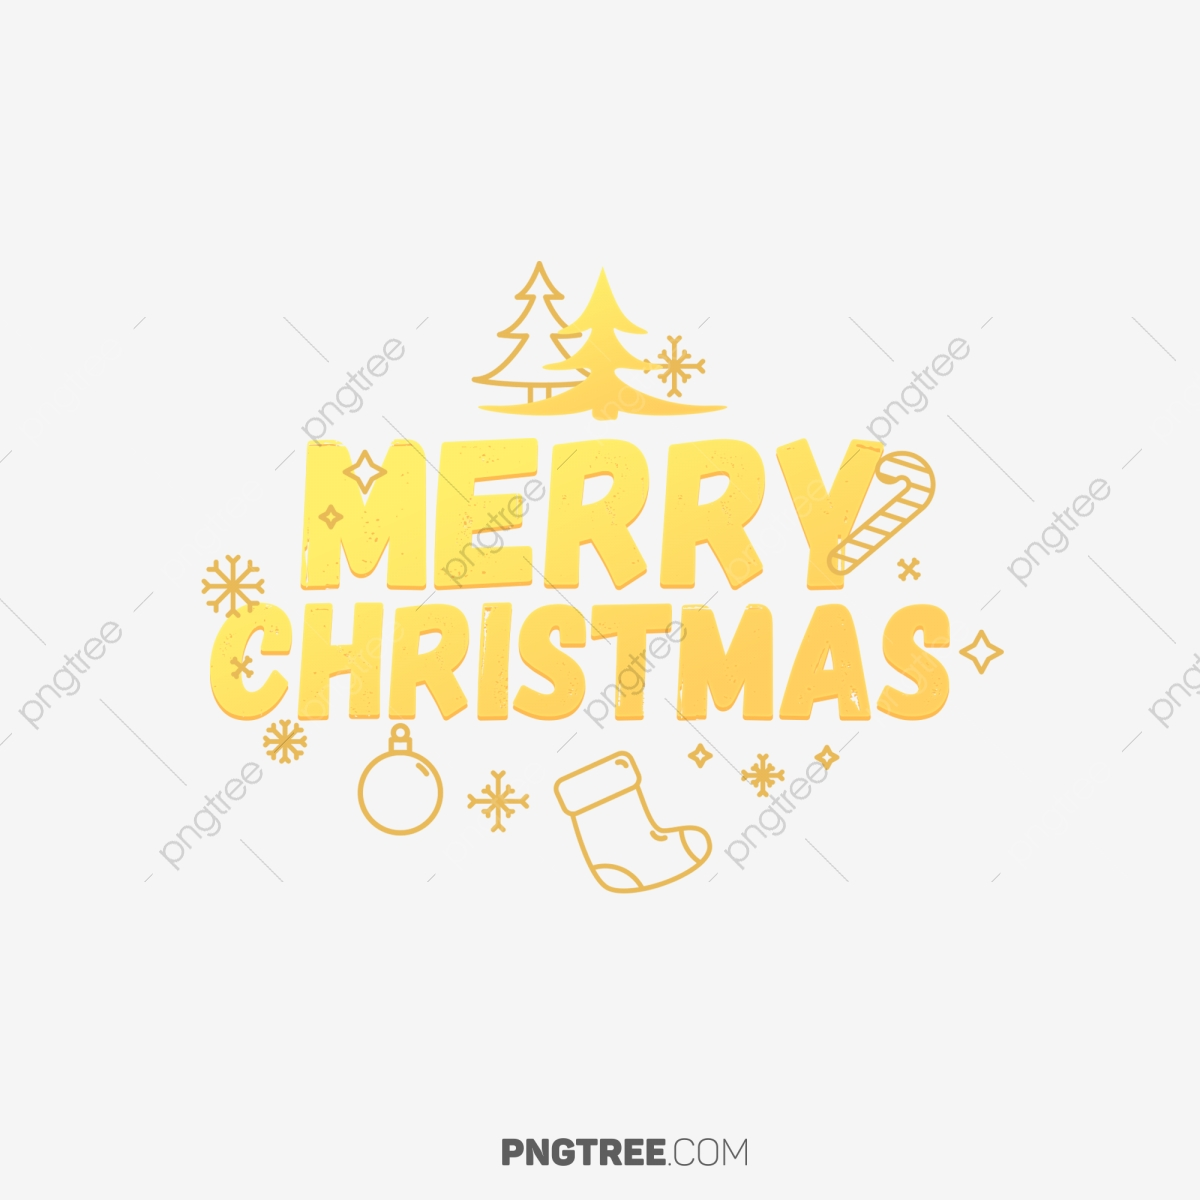 Merry Christmas Banner Transparent Design, Christmas, Eve.
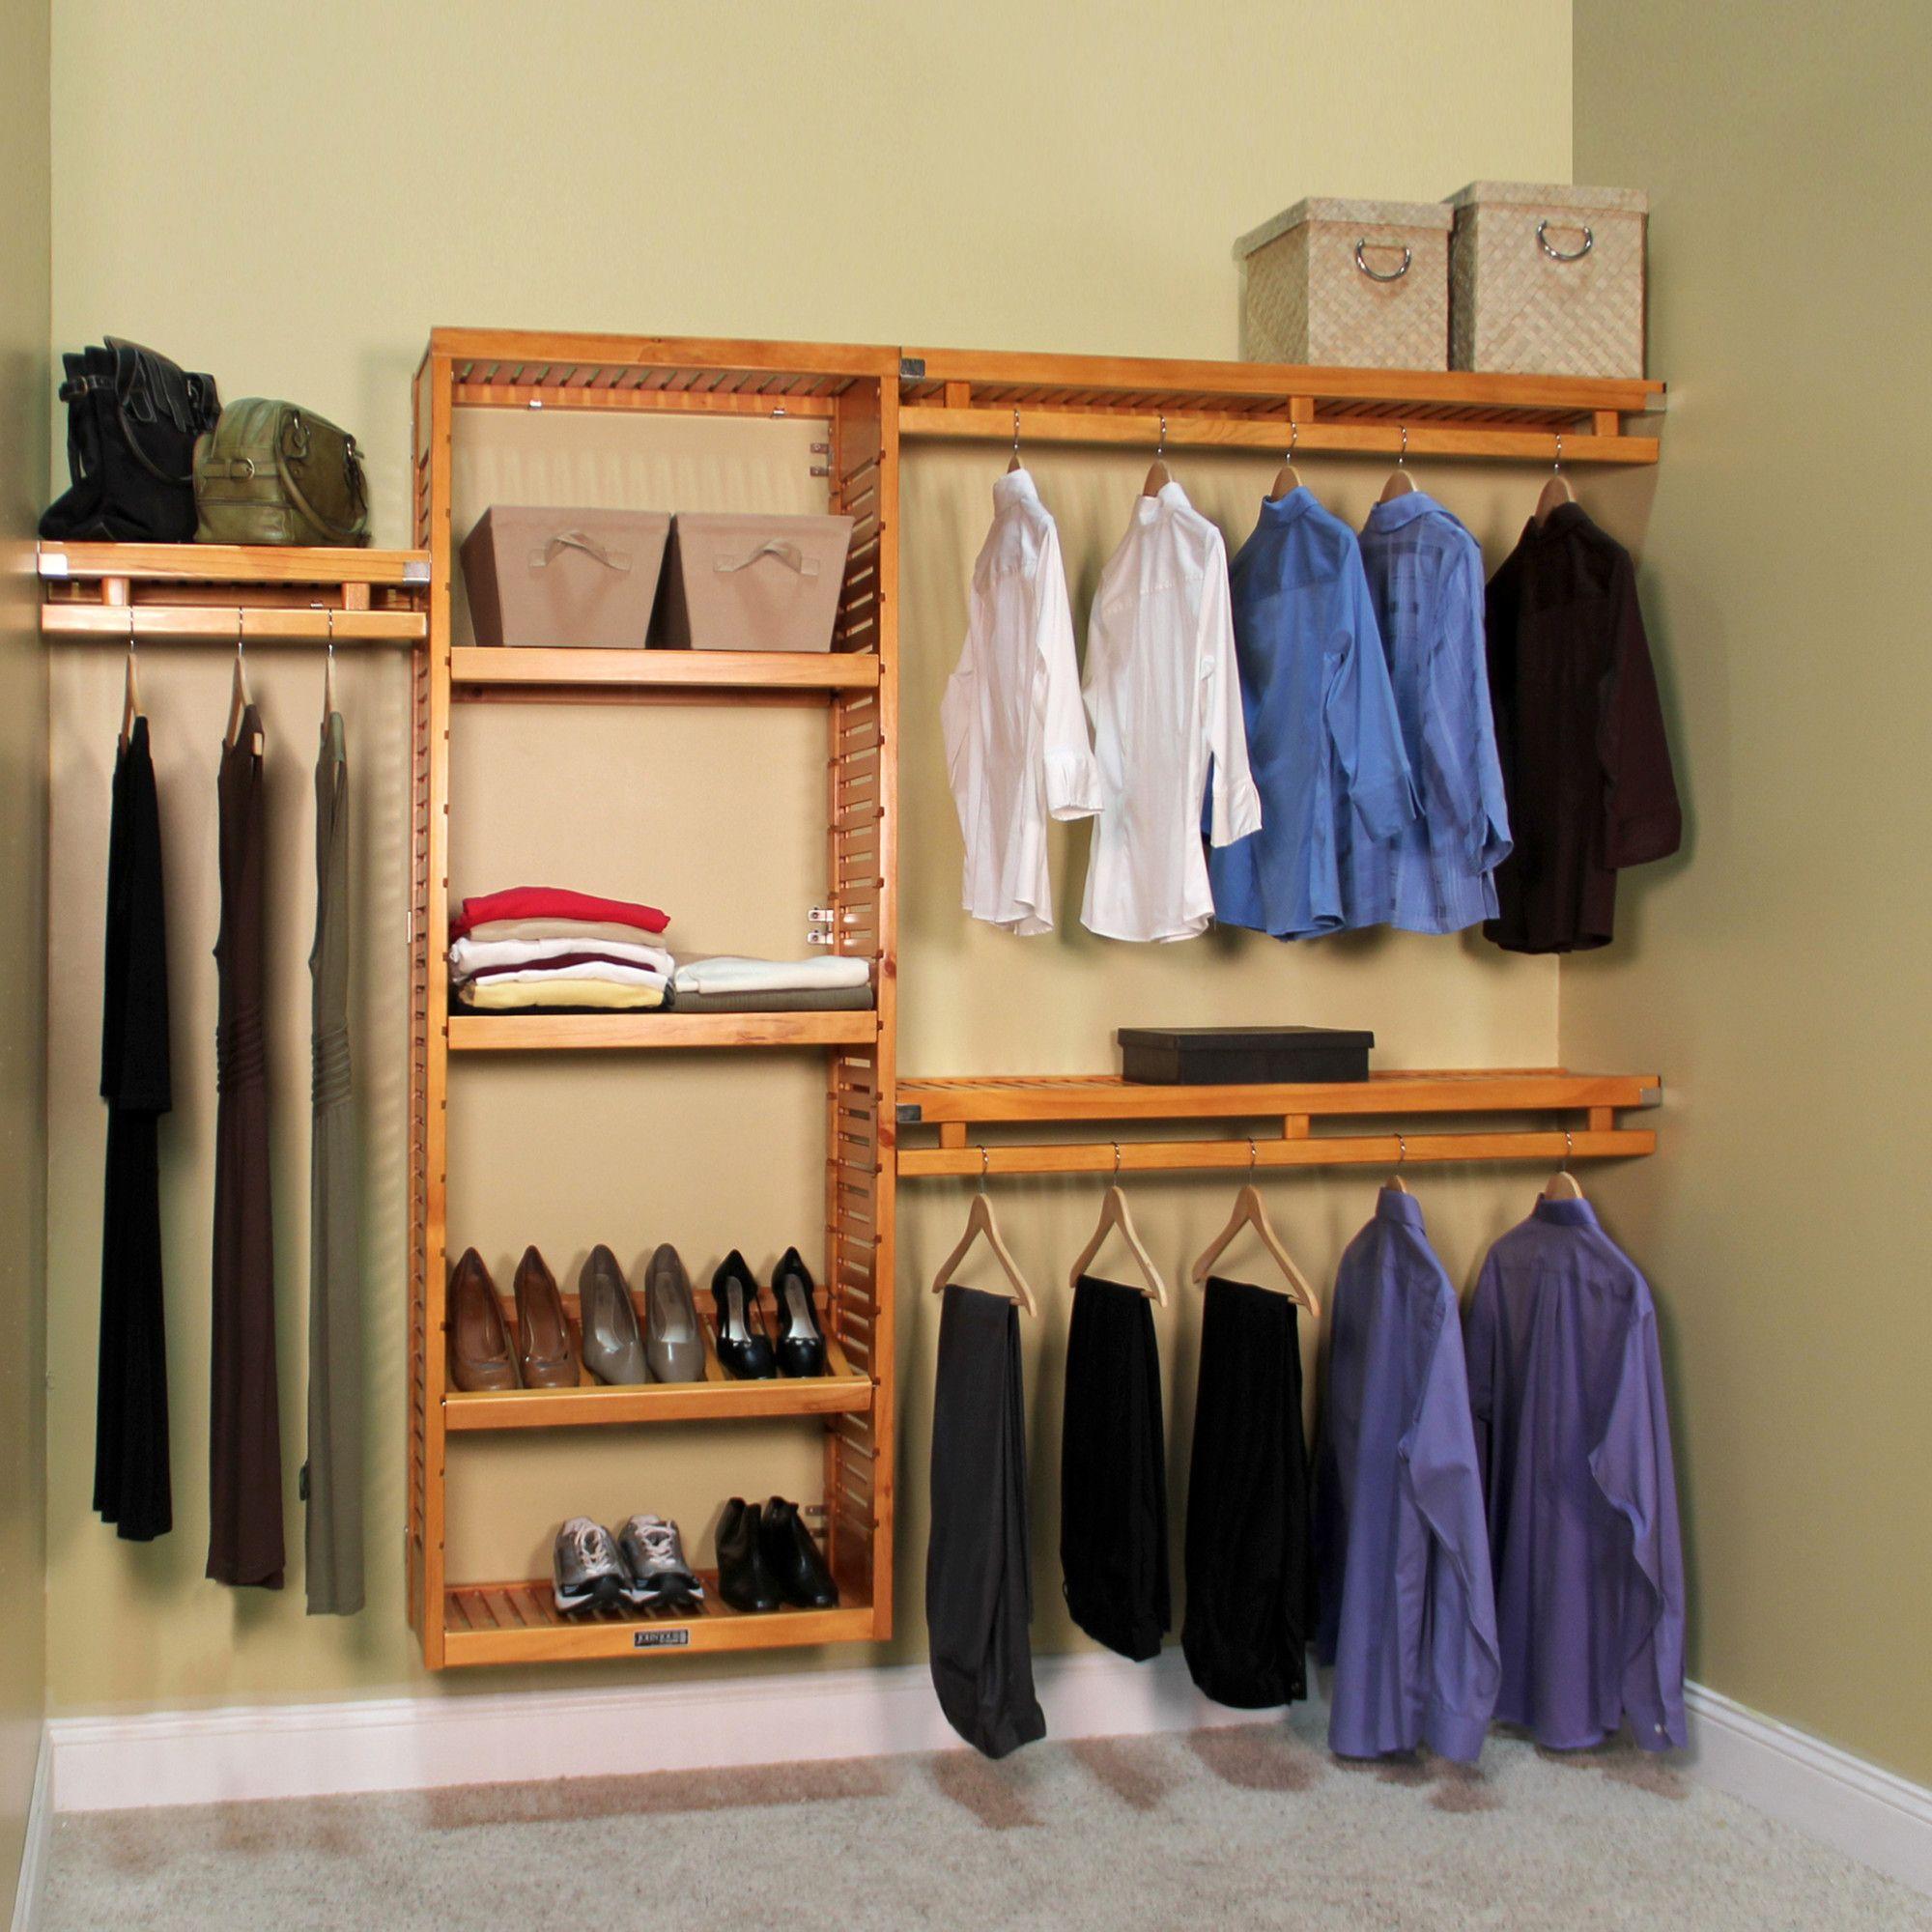 96 w 120w deep solid wood simplicity closet system
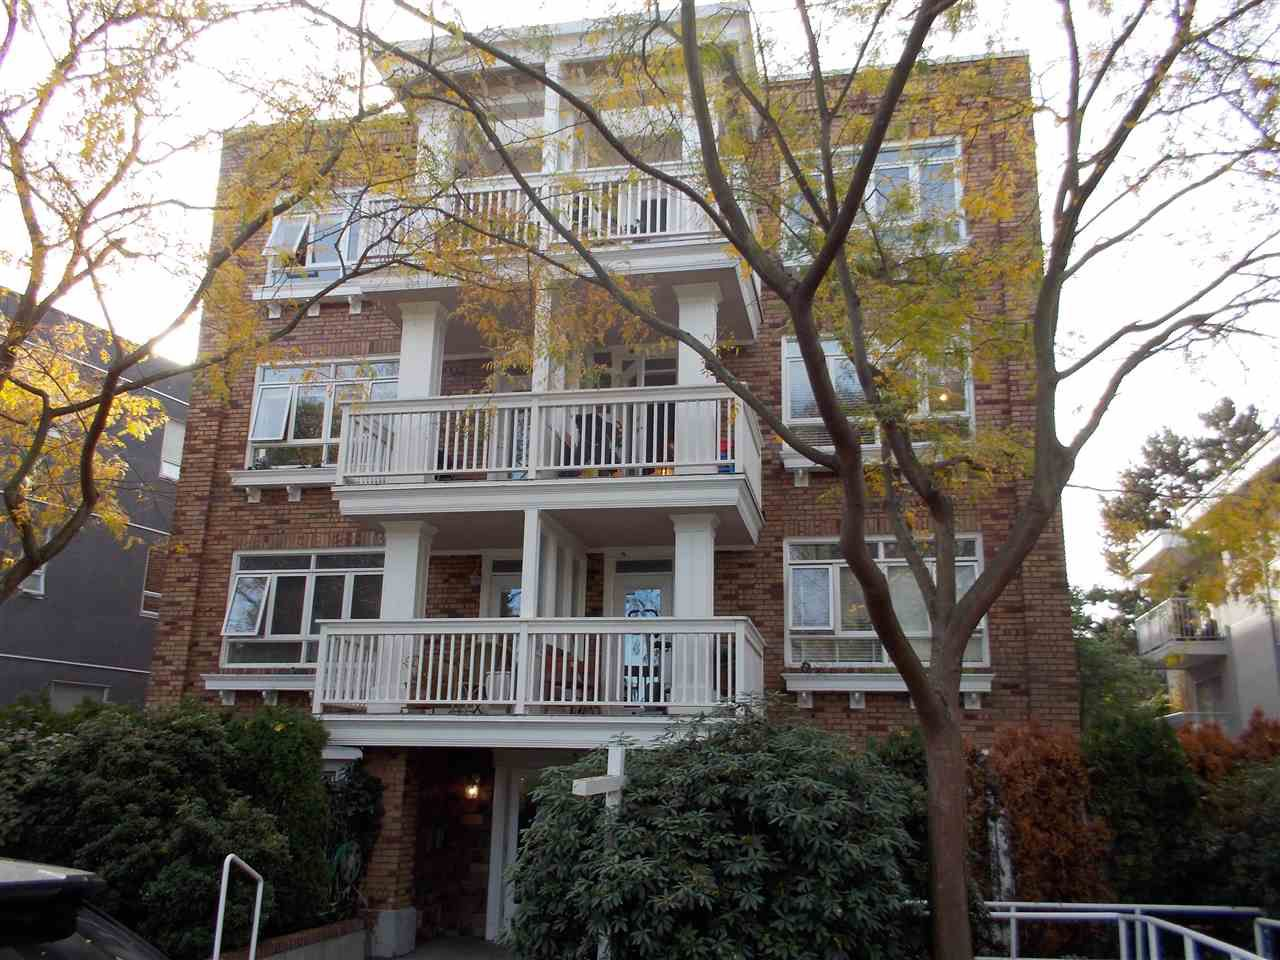 Main Photo: 104 2036 YORK AVENUE in Vancouver: Kitsilano Condo for sale (Vancouver West)  : MLS®# R2030503

• _How to complete this task_: Would you please copy the material exactly, leaving all the pictures out?

• _Answer to the problem_:
 Merry Christmas Banner Transparent Design, Christmas, Eve.
 96 w 120w deep solid wood simplicity closet system
 Main Photo: 104 2036 YORK AVENUE in Vancouver: Kitsilano Condo for sale (Vancouver West)  : MLS®# R2030503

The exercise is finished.